In July 2014, when scores of thousands of Central American minors were migrating illegally into the southern United States, Francis decried the situation as a “humanitarian emergency” which required, “as a first urgent measure,” that “these children be welcomed and protected”—at American taxpayer expense. Moreover, he characterized America’s treatment of illegal immigrants generally as “racist and xenophobic.”
In January 2015, Francis told reporters that, as “a beautiful gesture of brotherhood and support for immigrants,” he hoped to someday ceremoniously “enter the United States from the border with Mexico.”
During a September 2015 visit to the United States, Francis referred to illegal aliens as “pilgrims,” and to “offer them the warmth of the love of Christ” because they “will enrich America and its Church.”
On January 17, 2016, Francis delivered a message for The World Day of Migrants and Refugees. He emphasized how important it was for Western nations to shed their own impulses toward “discrimination, racism, extreme nationalism or xenophobia,” and to welcome migrants and refugees from Islamic countries in the Middle East and North Africa. The cultural exchanges brought about by such migrations, he explained, had the potential to “transfor[m] the whole of humanity” in a positive way.
In February 2016, Francis visited Mexico and lamented the “humanitarian crisis” on America’s southern border. Just prior to celebrating a Mass before a crowd of some 200,000 people along the banks of the Rio Grande, the pontiff faced a number of makeshift crosses that had been erected in memory of migrants who had died attempting to cross into the United States, and he prayed for those people. He then turned toward a group of several hundred illegal aliens standing across the river in El Paso, Texas, and issued his blessing to them. Later, when the pope was returning to Rome, reporters asked him to comment on then-presidential candidate Donald Trump, who had spoken forcefully about the need to deport illegals and to build a wall between the United States and Mexico.

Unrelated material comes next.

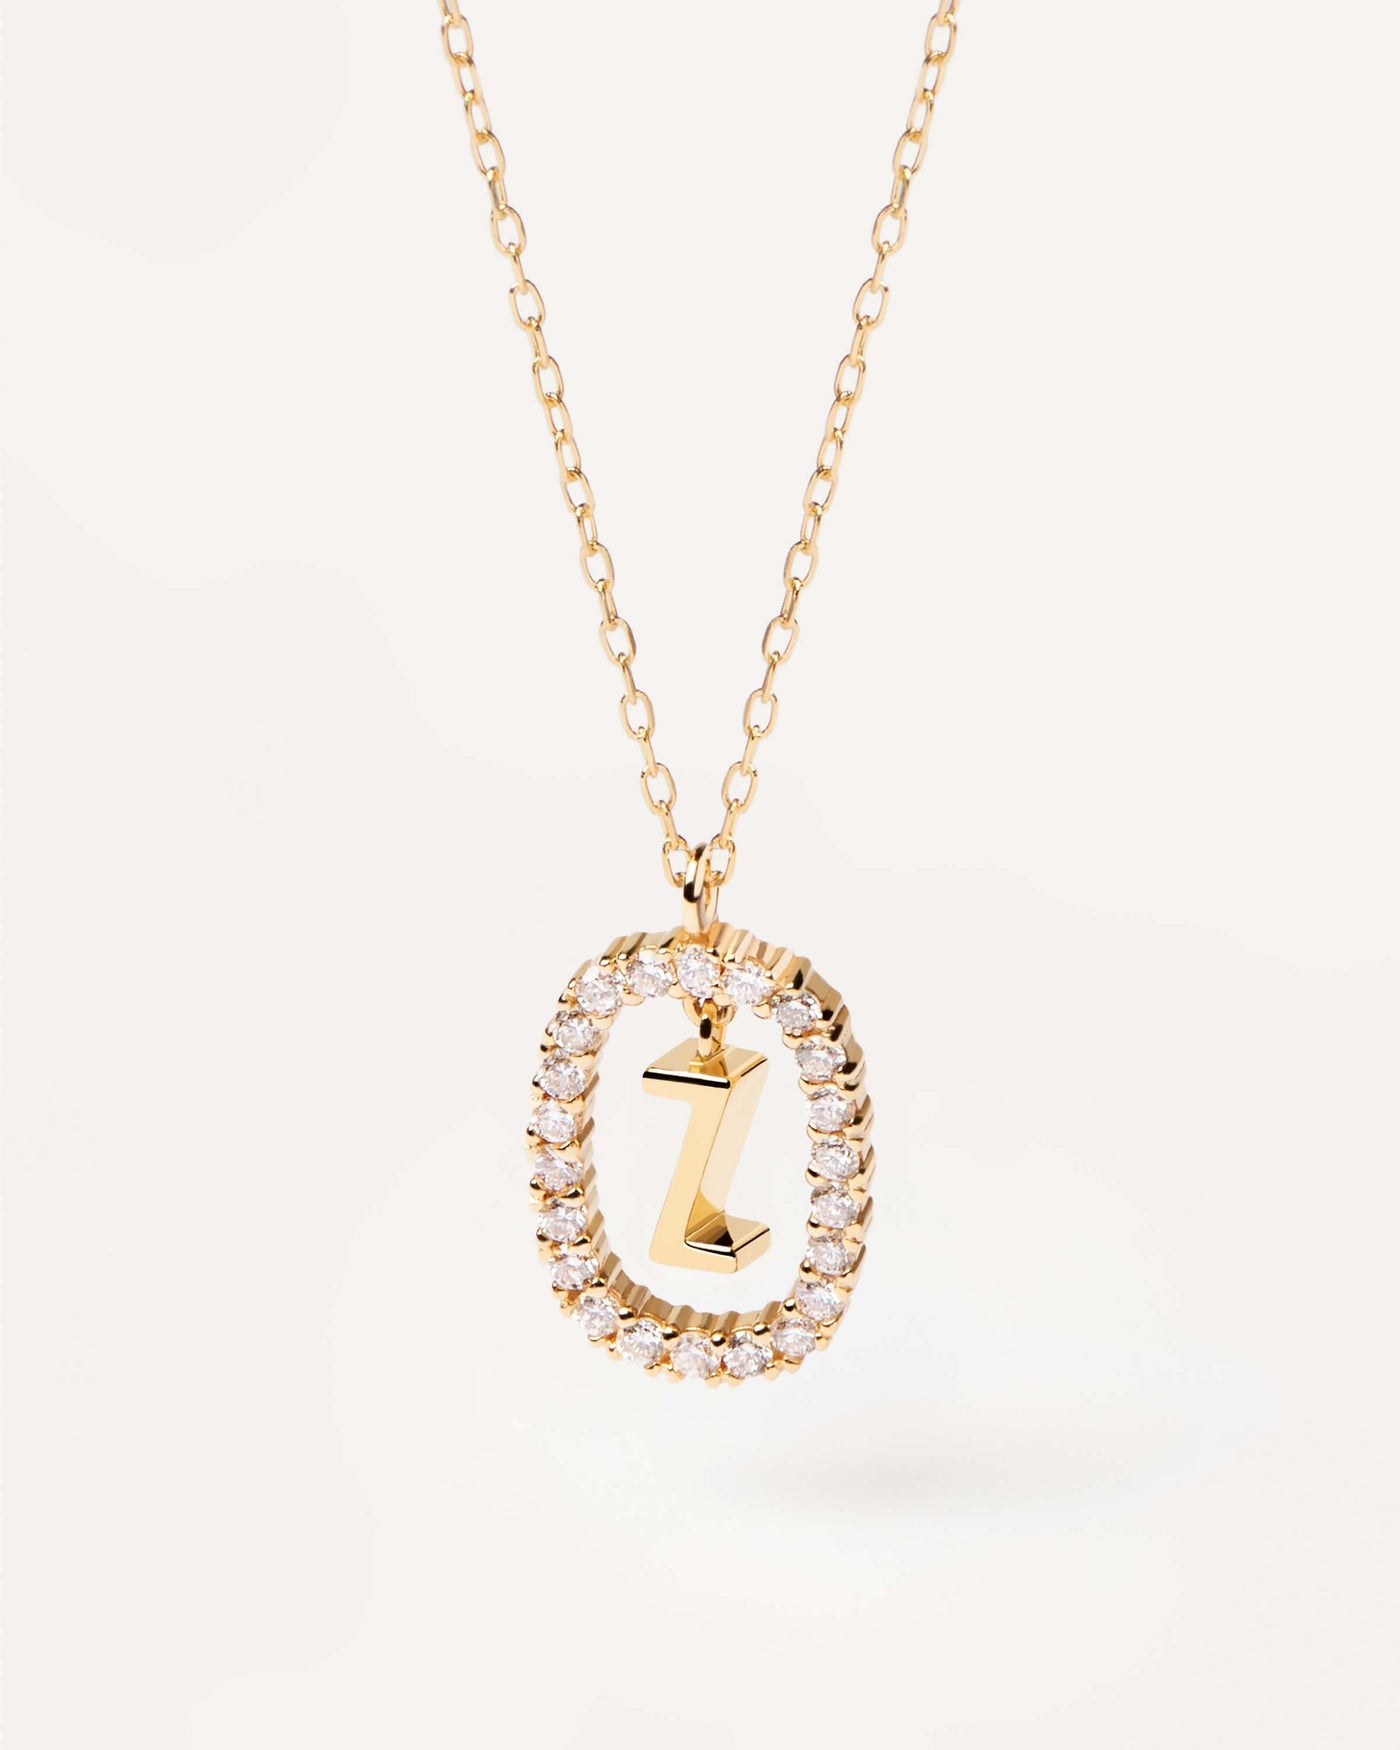 GoldHalskette mit Diamanten Buchstabe Z. Erstes Z-Halskette in solid. Erhalten Sie die neuesten Produkte von PDPAOLA. Geben Sie Ihre Bestellung sicher auf und erhalten Sie diesen Bestseller.

Francis replied: “A person who thinks only about building walls, wherever they may be, and not building bridges, is not Christian. This is not in the gospel.”
During his _Urbi et Orbi_ address from St. Peter’s Basilica on Easter Sunday 2016, Francis urged Christians to reach out to the unvettable refugees from Syria, Libya, and Yemen, and to fight the “blind and brutal violence” of terrorism with “weapons of love.”
On July 27, 2016, Francis urged the political leaders of Poland to “overcome fear” and to demonstrate “great wisdom and compassion” by welcoming the many Muslims who were fleeing conflict and hardship in places like Syria and North Africa. “All religions want peace, it’s the others who want war…. Needed is a spirit of readiness to welcome those fleeing from wars and hunger, and solidarity with those deprived of their fundamental rights, including the right to profess one’s faith in freedom and safety.”
In September 2016, Pope Francis said that authentic European hospitality to Middle Eastern and North African refugees could be “our greatest security against hateful acts of terrorism.” “I encourage you to welcome refugees into your homes and communities,” he added, “so that their first experience of Europe is not the traumatic experience of sleeping cold on the streets, but one of warm welcome.”
Pope Francis never misses an opportunity to preach compassion for Third World migrants whose backgrounds are completely shrouded in mystery, and who seek to flood Western nations with people whose cultures may be highly incompatible those of the West. Yet he says little, if anything, about the needs of the citizens of Western nations whose lives and well-being may be endangered by the very “compassion” which he advocates.